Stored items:
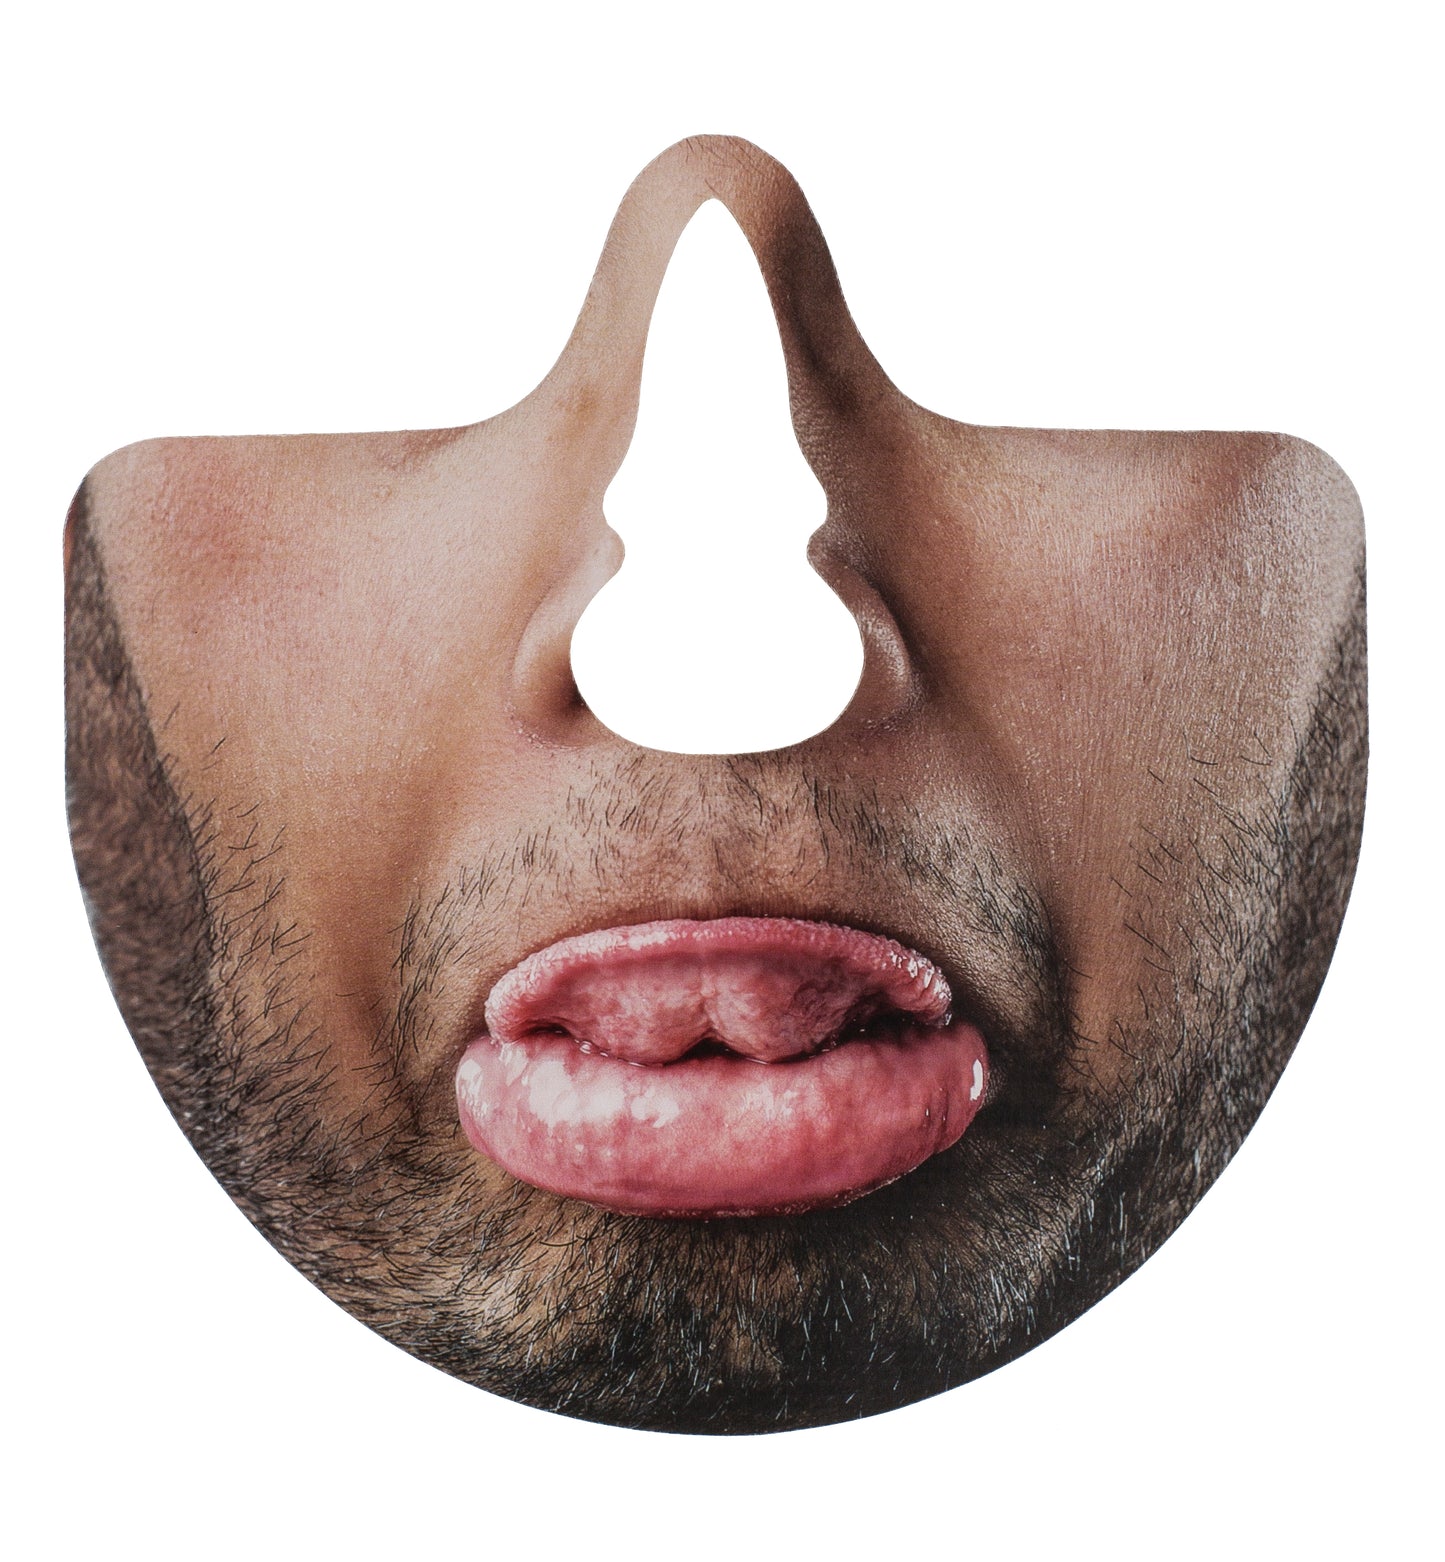 Photo Booth Accessories - Fun Disguise Nose Masks Photo Props- Set of 15
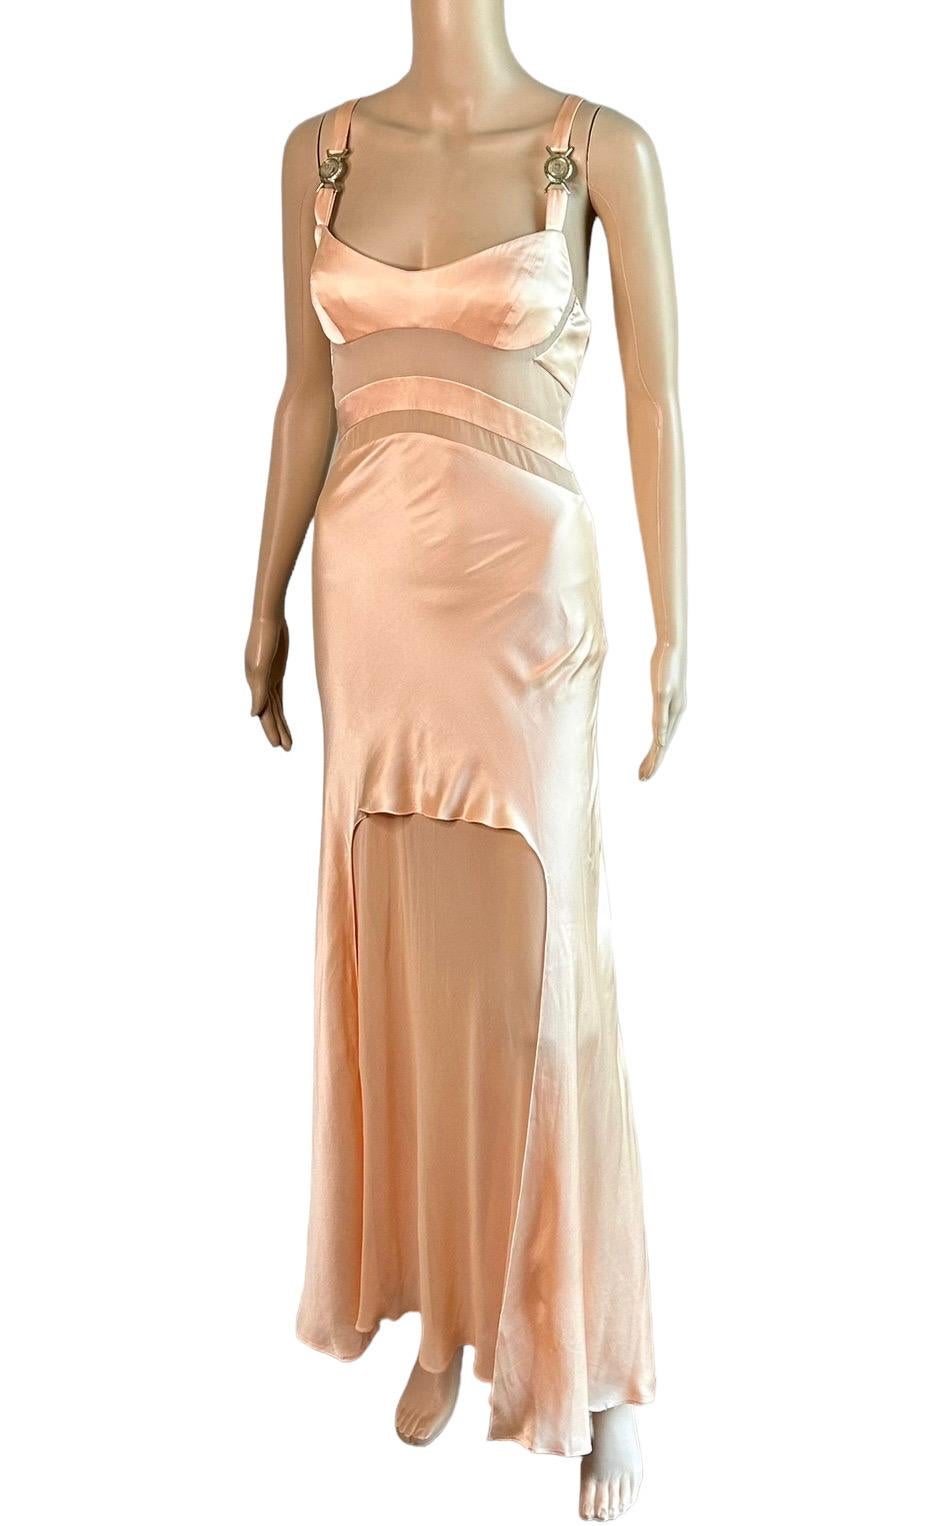 Versace S/S 2005 Runway Sheer Panels Medusa Logo Silk Slip Evening Dress Gown

Look 48 from the Spring 2005 Collection.

Please note: Size tag is missing, based on fit it will fit size S.

Straps have been adjusted but can easily be readjusted by a

◆ What needs to be done ◆
When you copy the entries above, keep every word exactly and omit the images.

◆ Answer to this exercise ◆
 Photo Booth Accessories - Fun Disguise Nose Masks Photo Props- Set of 15
 Versace S/S 2005 Runway Sheer Panels Medusa Logo Silk Slip Evening Dress Gown

Look 48 from the Spring 2005 Collection.

Please note: Size tag is missing, based on fit it will fit size S.

Straps have been adjusted but can easily be readjusted by a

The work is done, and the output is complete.